5Step 5: Determine the Order of Oxidation States
From calculations, the oxidation states are: \( \mathrm{H}_{3} \mathrm{PO}_{2} = +1 \), \( \mathrm{H}_{3} \mathrm{PO}_{3} = +3 \), \( \mathrm{H}_{4} \mathrm{P}_{2} \mathrm{O}_{6} = +4 \), \( \mathrm{H}_{3} \mathrm{PO}_{4} = +5 \). So, order them from highest to lowest: \( \mathrm{H}_{3}\mathrm{PO}_{4} > \mathrm{H}_{4} \mathrm{P}_{2}\mathrm{O}_{6} > \mathrm{H}_{3}\mathrm{PO}_{3} > \mathrm{H}_{3}\mathrm{PO}_{2} \).
Key Concepts
Phosphorus CompoundsOxidation Number CalculationChemical Reactions
Phosphorus Compounds
Phosphorus compounds are essential in both chemistry and biology. These compounds typically include phosphorus bonded with oxygen, hydrogen, or other elements. The different types of phosphorus compounds include phosphoric acids, which vary in the number of oxygen atoms attached to phosphorus as well as the overall structure of the molecules. For instance:
- Hypophosphorous Acid (\( \mathrm{H}_{3}\mathrm{PO}_{2}\)): This compound contains one oxygen atom bonded to phosphorus.

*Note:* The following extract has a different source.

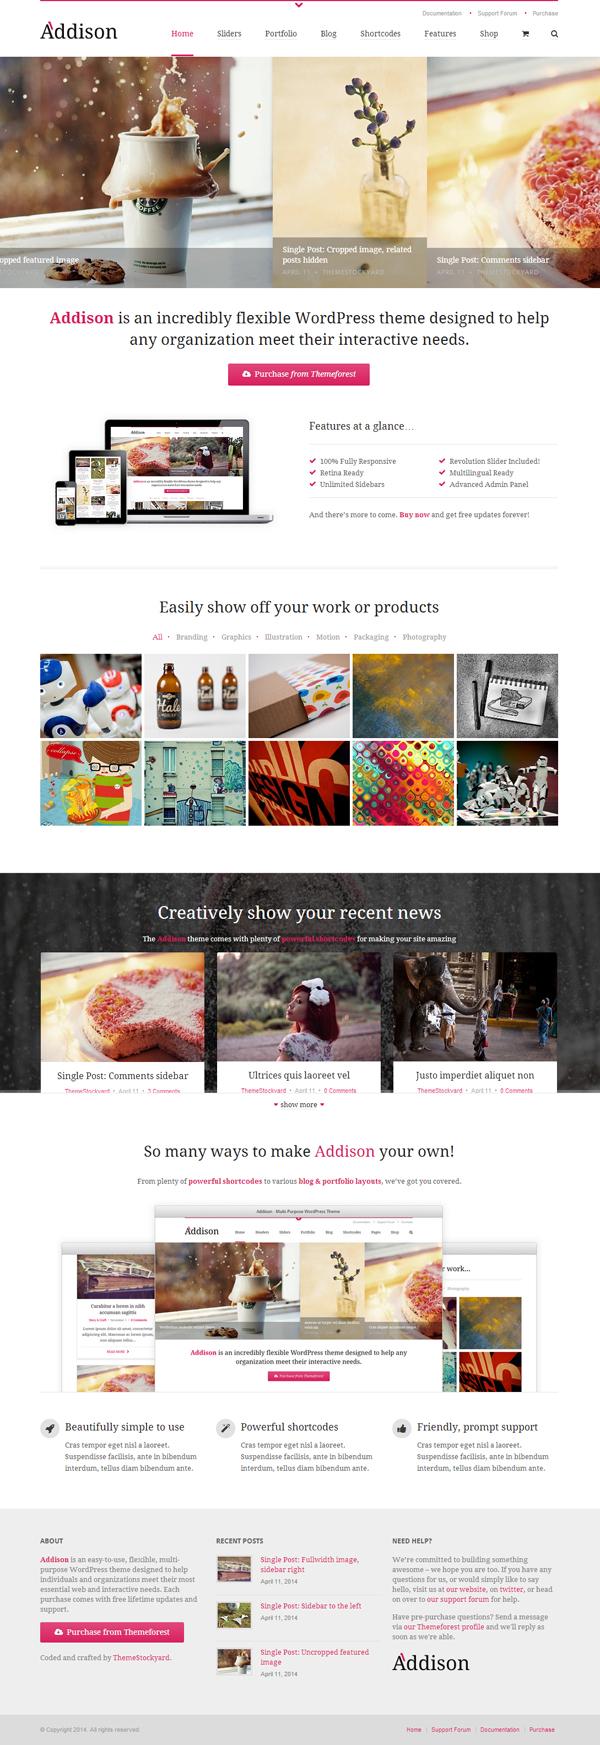 Addison - Premium Multi-Purpose WordPress Theme

- Phosphorous Acid (\( \mathrm{H}_{3}\mathrm{PO}_{3}\)): Here, phosphorus is bonded with three oxygen atoms.
- Phosphoric Acid (\( \mathrm{H}_{3}\mathrm{PO}_{4}\)): This is widely known and involves four oxygen atoms around the phosphorus.
- Pyrophosphoric Acid (\( \mathrm{H}_{4}\mathrm{P}_{2}\mathrm{O}_{6}\)): Comprises two phosphorus and six oxygen atoms leading to more complex interactions.
Oxidation Number Calculation
Calculating oxidation numbers is vital in understanding chemical compounds and reactions. It helps us determine the electron transfer between atoms within a molecule. To calculate the oxidation state of phosphorus, follow these basic rules in balancing the oxidation equation:
- Assign an oxidation state of +1 for hydrogen and -2 for oxygen.
- Assume the total charge of the entire compound is zero for neutral compounds.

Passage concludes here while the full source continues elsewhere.